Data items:

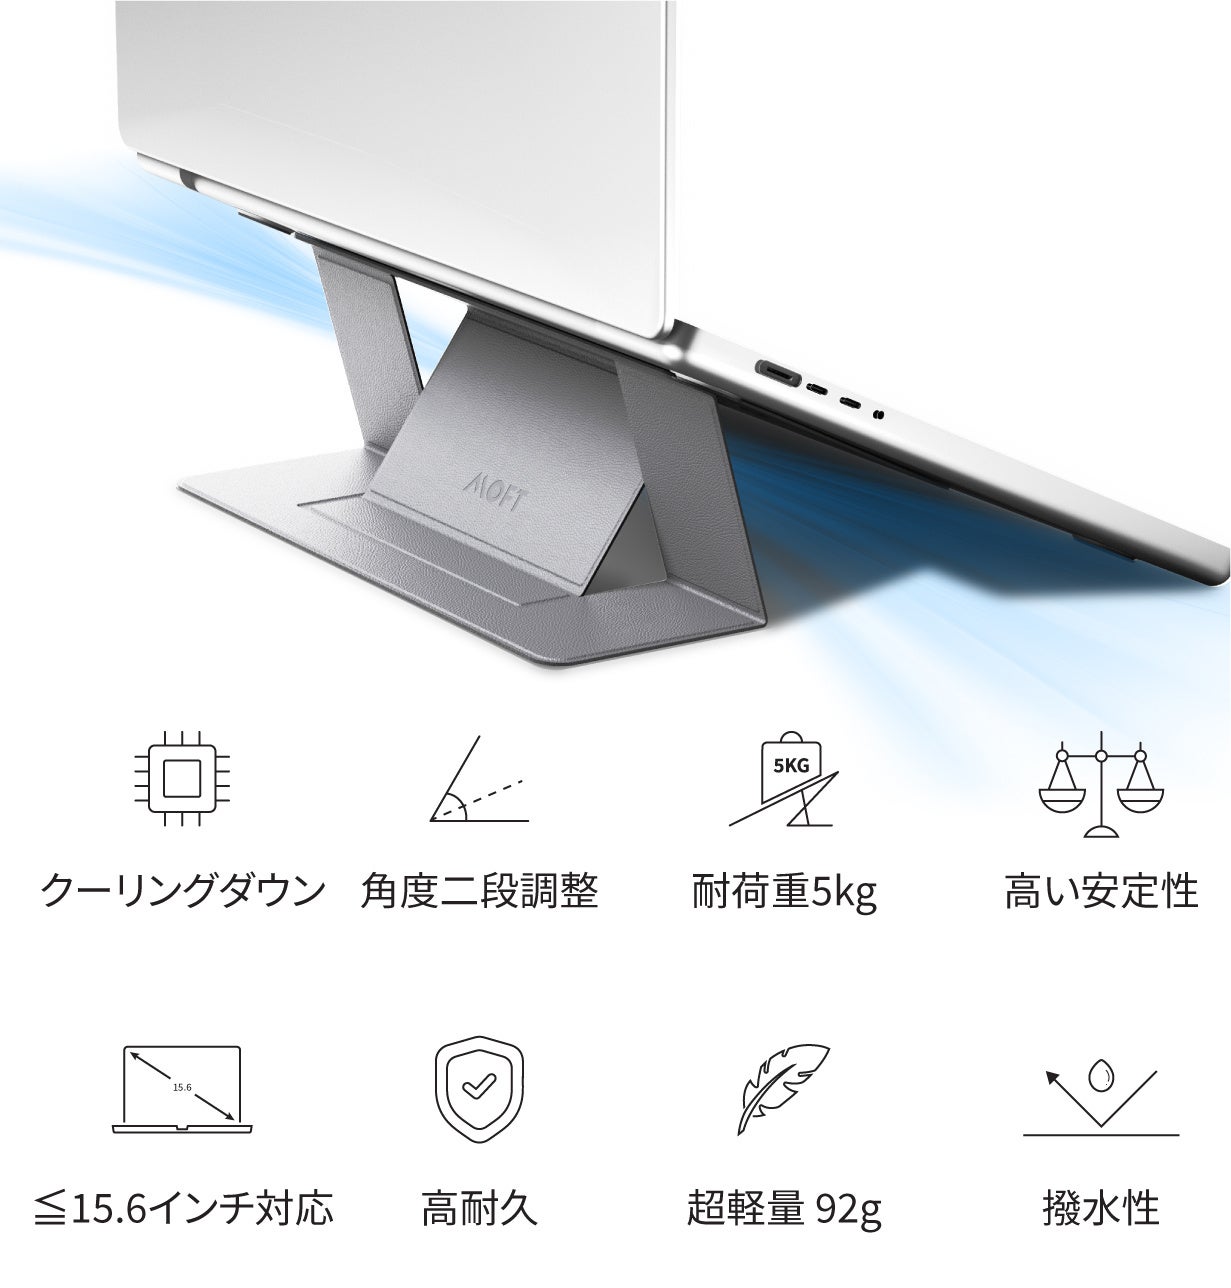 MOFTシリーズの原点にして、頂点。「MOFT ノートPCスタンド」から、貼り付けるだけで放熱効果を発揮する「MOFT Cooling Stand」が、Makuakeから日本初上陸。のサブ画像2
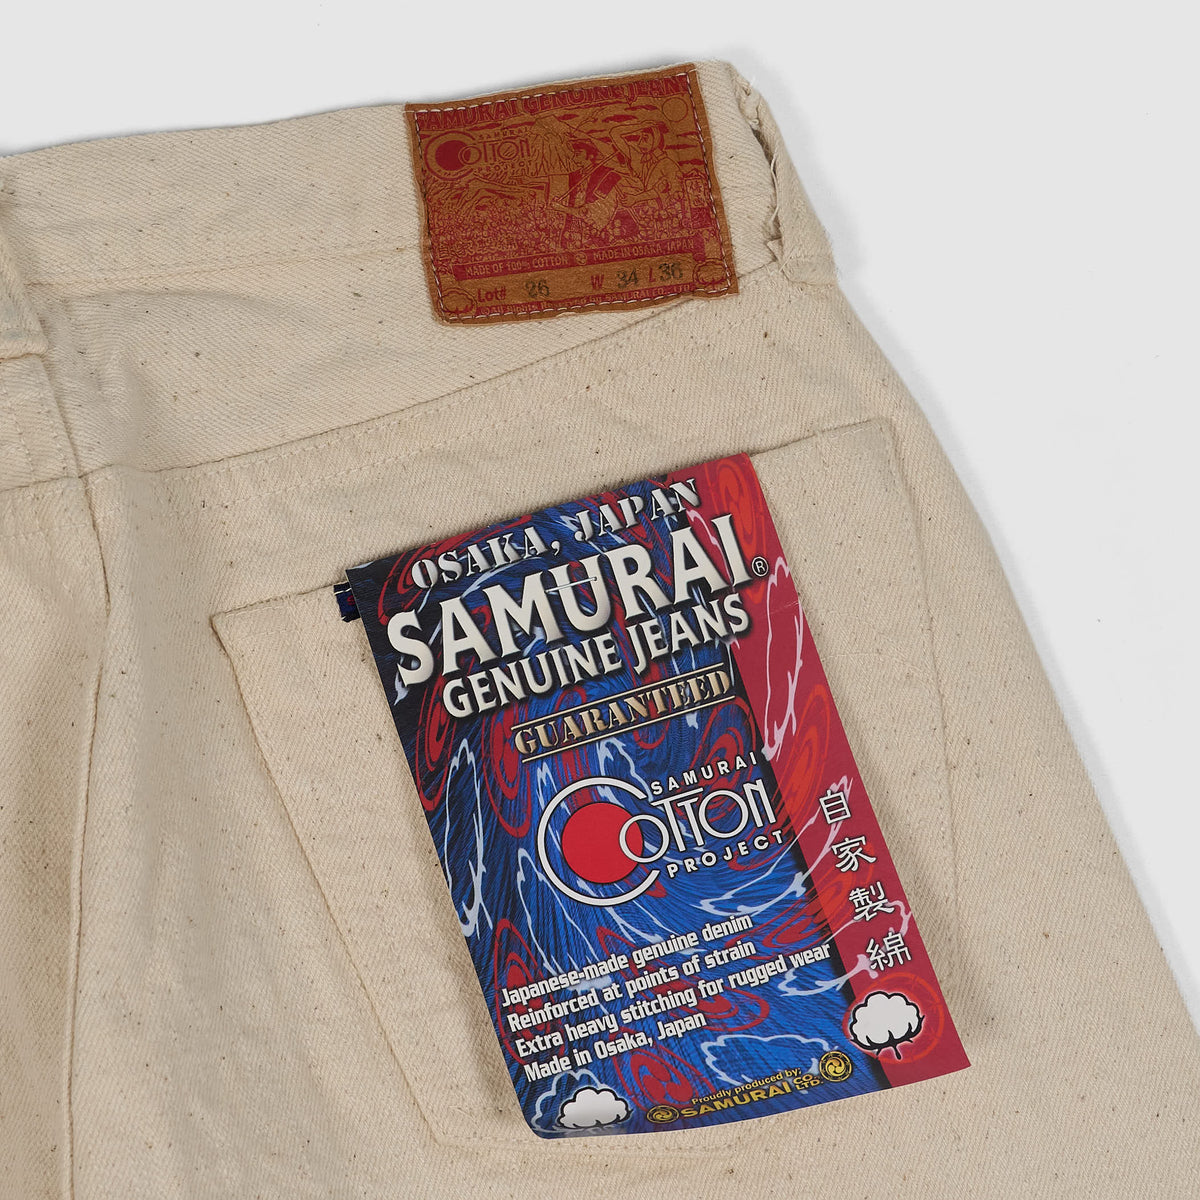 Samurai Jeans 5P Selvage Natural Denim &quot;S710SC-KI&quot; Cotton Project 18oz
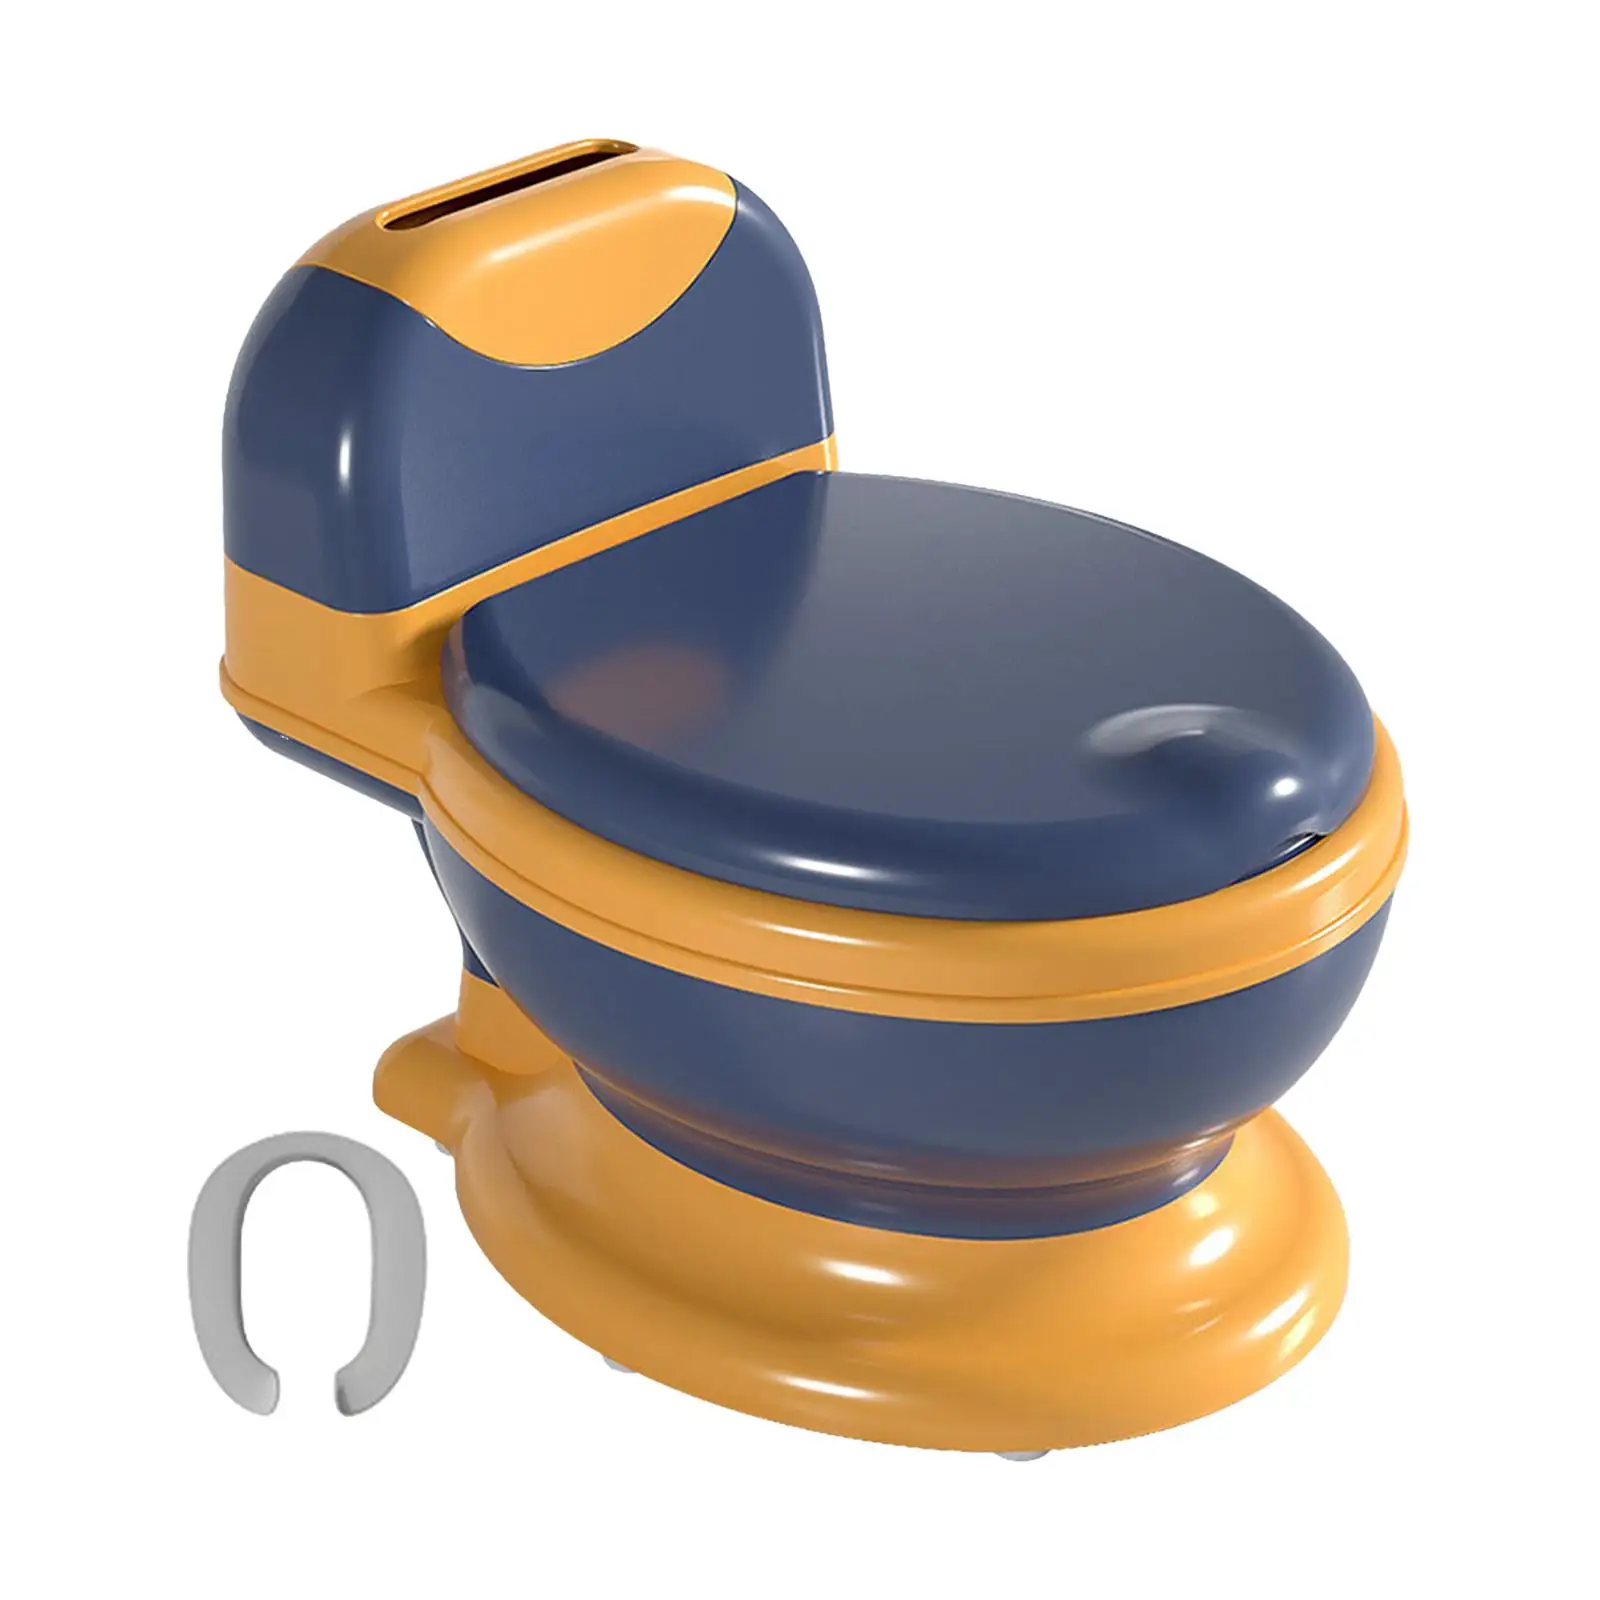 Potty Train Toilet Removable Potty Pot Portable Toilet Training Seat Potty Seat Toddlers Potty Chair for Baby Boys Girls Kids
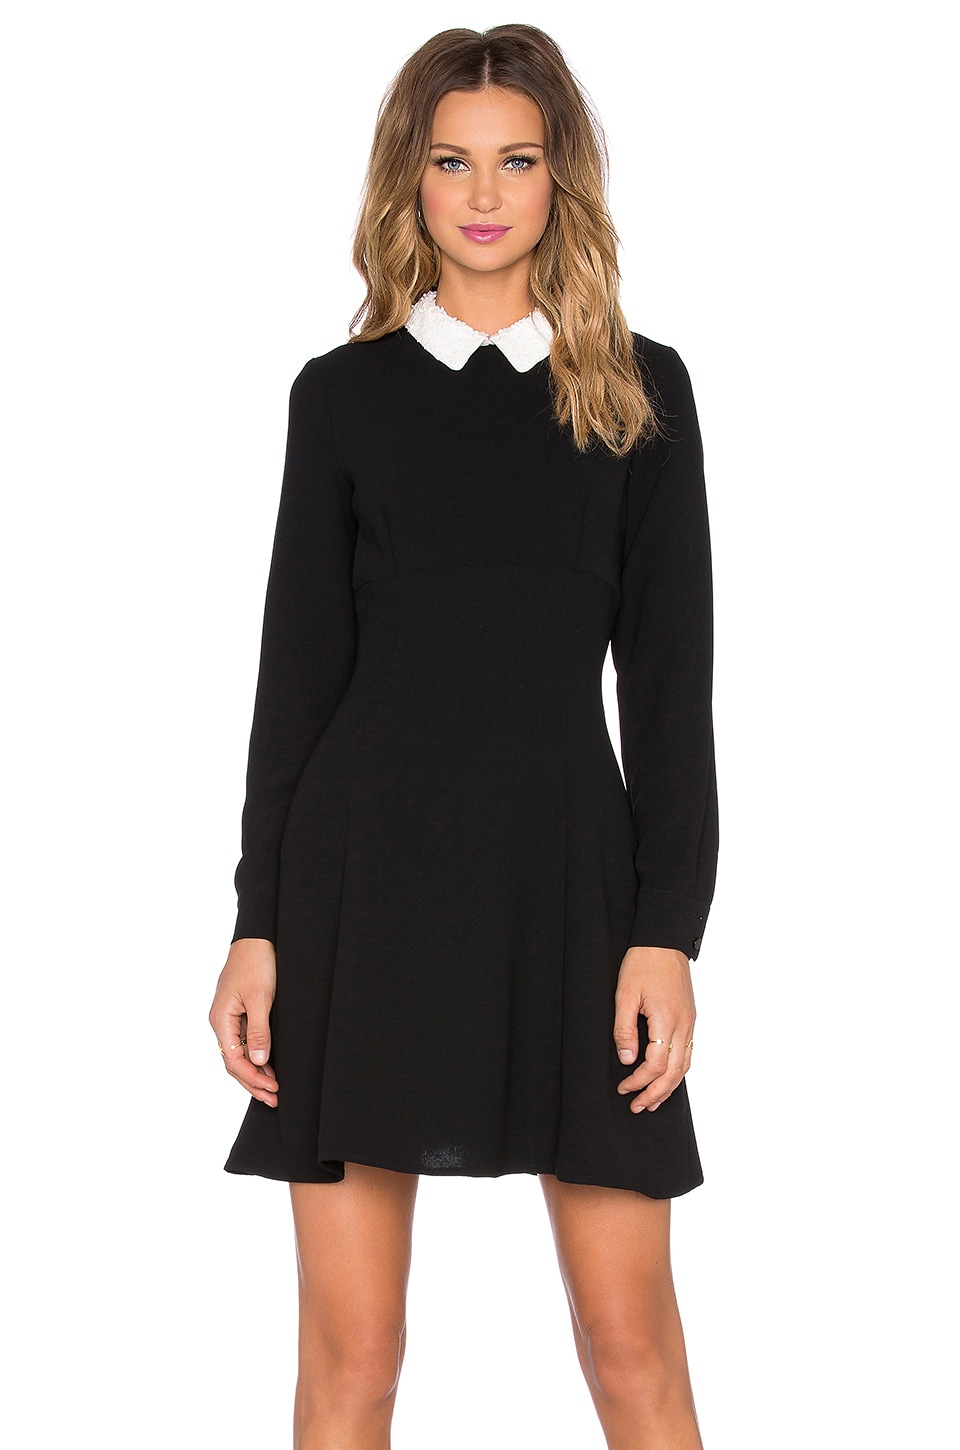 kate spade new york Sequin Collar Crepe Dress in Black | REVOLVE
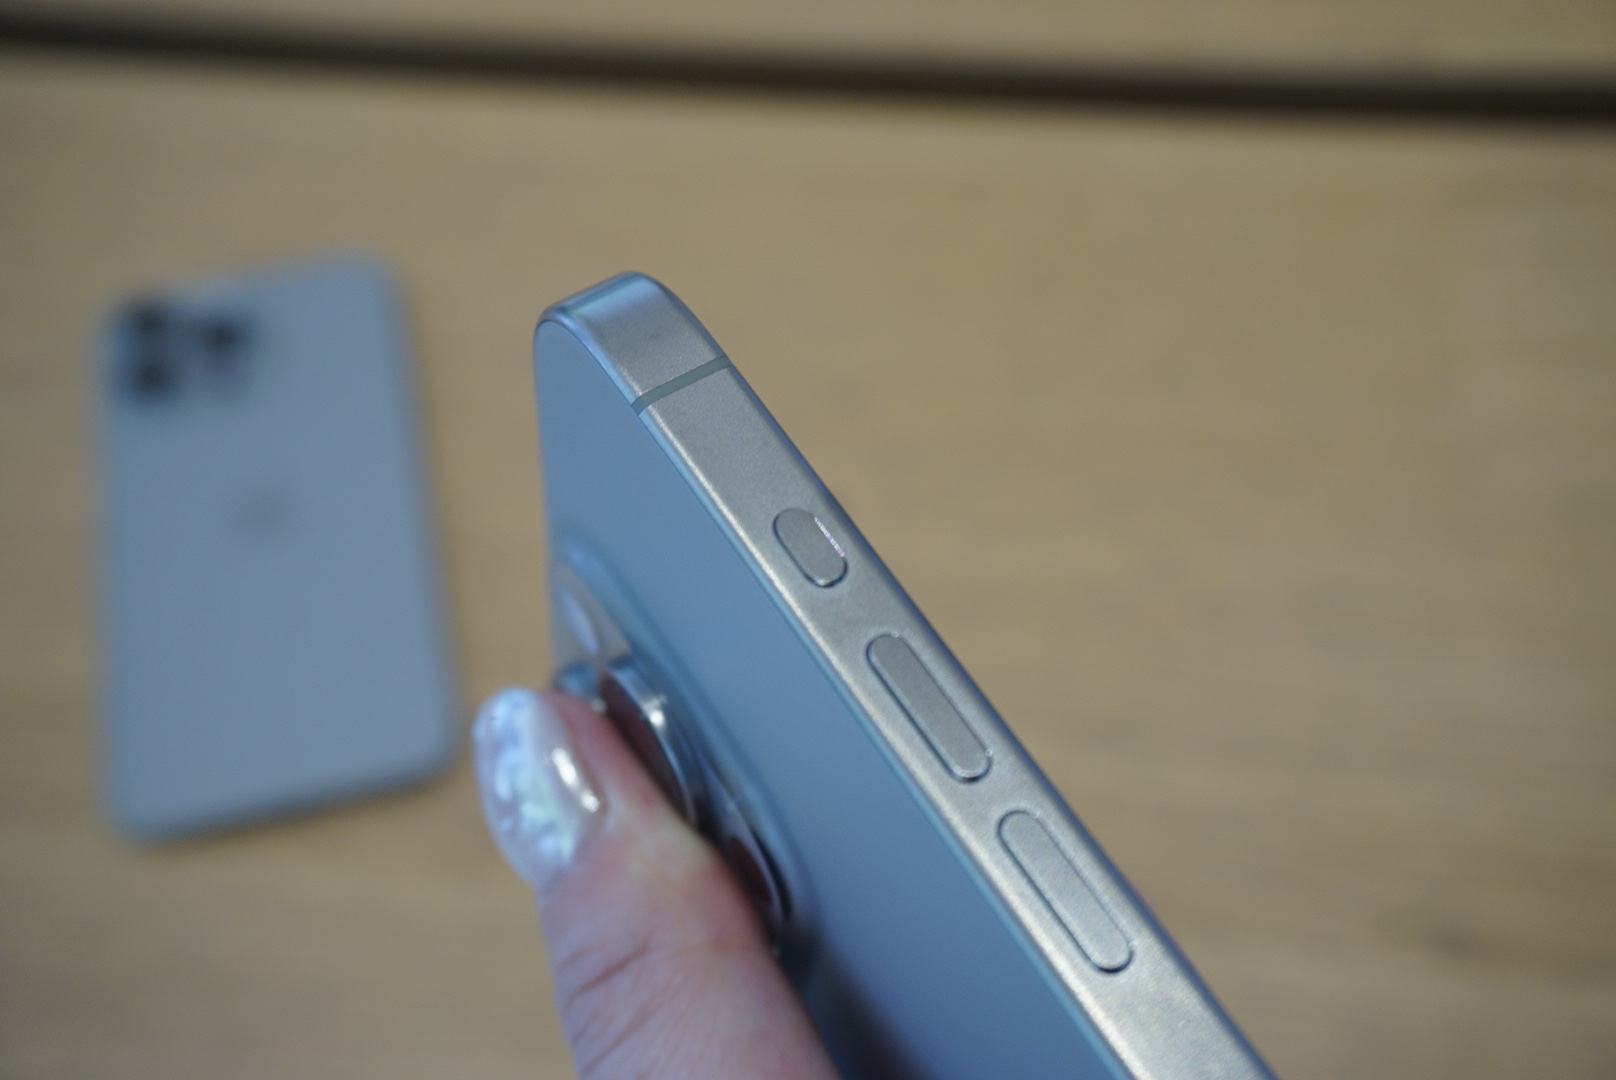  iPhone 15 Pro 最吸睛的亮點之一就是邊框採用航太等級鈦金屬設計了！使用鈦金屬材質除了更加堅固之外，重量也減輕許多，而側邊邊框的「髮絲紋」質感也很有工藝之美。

■ **ACTIVITY**: Which lines run from the one containing "kate spade new" through the last line of the entries above? Output them exactly, both ends included, with no pictures.

■ **SOLUTION TO THE PROBLEM**:
 kate spade new york Sequin Collar Crepe Dress in Black | REVOLVE
  iPhone 15 Pro 最吸睛的亮點之一就是邊框採用航太等級鈦金屬設計了！使用鈦金屬材質除了更加堅固之外，重量也減輕許多，而側邊邊框的「髮絲紋」質感也很有工藝之美。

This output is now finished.